▶ Prompt
All that should come back is the lines of the data below from the one containing "House Speaker Kurt" to the one containing "Table Against White Wall Background", inclusive, exactly as they stand.

Provided data below:

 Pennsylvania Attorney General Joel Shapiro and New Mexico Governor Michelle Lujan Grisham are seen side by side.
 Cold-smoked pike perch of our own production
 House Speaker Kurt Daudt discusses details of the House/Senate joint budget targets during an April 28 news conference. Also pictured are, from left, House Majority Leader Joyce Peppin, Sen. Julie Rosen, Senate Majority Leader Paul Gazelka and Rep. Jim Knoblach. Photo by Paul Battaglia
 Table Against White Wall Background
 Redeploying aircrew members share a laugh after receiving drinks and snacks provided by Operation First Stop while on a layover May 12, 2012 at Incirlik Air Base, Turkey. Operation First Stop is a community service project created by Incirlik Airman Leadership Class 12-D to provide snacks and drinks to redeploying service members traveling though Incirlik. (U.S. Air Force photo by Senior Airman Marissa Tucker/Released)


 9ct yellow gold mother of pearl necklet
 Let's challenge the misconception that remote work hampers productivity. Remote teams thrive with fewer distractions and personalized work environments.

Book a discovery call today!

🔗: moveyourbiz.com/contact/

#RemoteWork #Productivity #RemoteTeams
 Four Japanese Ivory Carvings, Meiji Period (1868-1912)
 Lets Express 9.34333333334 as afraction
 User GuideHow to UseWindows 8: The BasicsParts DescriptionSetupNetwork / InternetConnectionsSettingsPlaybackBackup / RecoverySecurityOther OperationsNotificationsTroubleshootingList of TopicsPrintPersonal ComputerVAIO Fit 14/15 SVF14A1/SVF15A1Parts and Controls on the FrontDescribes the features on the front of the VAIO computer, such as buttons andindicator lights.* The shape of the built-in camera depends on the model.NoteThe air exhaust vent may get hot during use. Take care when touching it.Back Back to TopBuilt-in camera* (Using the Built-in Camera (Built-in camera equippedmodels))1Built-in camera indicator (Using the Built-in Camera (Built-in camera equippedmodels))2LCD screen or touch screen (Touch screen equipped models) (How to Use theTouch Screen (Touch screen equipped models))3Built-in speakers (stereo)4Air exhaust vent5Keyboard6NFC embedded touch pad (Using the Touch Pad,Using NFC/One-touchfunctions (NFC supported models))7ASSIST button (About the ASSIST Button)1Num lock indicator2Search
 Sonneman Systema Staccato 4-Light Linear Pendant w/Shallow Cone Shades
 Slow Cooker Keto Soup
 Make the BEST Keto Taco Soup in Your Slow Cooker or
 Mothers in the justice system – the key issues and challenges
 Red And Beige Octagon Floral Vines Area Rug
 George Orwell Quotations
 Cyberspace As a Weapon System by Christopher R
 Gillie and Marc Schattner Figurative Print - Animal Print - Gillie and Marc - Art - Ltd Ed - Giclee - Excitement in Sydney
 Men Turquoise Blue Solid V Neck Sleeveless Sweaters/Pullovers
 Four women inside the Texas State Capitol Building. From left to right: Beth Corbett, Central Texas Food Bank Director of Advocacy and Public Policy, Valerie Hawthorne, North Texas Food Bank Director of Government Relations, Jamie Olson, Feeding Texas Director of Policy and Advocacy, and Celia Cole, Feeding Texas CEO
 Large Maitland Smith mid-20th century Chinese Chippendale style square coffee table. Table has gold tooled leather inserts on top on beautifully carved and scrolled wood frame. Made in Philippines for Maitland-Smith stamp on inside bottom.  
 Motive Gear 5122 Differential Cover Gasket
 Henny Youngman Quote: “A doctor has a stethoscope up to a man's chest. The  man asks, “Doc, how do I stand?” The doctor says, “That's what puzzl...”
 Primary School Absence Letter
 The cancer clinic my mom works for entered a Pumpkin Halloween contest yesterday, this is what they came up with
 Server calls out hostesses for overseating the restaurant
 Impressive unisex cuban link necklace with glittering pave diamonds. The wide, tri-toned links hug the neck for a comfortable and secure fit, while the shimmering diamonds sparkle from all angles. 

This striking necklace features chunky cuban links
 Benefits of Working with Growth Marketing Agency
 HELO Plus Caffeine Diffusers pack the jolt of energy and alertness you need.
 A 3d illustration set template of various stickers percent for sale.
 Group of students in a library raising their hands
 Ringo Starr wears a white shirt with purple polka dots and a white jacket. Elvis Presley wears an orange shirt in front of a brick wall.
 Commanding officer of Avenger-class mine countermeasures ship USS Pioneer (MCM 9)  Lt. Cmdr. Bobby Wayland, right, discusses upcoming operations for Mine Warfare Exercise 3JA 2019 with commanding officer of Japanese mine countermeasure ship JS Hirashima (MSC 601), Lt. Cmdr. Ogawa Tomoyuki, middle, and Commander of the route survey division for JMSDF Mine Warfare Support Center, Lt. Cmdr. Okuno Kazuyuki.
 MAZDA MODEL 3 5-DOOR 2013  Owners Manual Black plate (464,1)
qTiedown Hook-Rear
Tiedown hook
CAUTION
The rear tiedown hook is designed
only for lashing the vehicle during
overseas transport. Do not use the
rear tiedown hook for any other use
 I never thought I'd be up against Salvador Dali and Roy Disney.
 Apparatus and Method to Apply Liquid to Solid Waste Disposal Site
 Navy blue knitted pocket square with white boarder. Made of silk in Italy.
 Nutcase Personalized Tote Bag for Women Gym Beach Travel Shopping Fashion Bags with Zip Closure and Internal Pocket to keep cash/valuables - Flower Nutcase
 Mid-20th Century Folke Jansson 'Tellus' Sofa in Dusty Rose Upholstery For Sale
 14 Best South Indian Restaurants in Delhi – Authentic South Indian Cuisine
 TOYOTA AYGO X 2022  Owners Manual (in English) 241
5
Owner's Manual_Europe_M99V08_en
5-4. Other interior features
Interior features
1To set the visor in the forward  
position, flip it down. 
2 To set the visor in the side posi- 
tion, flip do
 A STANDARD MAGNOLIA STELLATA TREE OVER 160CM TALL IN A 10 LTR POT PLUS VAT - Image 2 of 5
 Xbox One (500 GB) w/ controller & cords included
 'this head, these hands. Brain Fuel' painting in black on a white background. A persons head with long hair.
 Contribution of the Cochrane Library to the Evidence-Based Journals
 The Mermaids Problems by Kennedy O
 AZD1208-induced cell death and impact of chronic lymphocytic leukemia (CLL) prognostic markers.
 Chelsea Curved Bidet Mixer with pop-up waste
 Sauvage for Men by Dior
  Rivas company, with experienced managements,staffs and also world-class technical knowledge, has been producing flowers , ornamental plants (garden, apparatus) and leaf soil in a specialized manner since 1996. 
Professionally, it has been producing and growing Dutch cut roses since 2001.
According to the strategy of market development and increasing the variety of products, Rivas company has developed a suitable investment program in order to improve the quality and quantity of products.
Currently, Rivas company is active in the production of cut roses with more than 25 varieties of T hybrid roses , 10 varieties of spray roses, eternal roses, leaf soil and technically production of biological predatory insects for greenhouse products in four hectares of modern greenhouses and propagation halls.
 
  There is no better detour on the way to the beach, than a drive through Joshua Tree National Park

End of Provided data.

▶ Result
 House Speaker Kurt Daudt discusses details of the House/Senate joint budget targets during an April 28 news conference. Also pictured are, from left, House Majority Leader Joyce Peppin, Sen. Julie Rosen, Senate Majority Leader Paul Gazelka and Rep. Jim Knoblach. Photo by Paul Battaglia
 Table Against White Wall Background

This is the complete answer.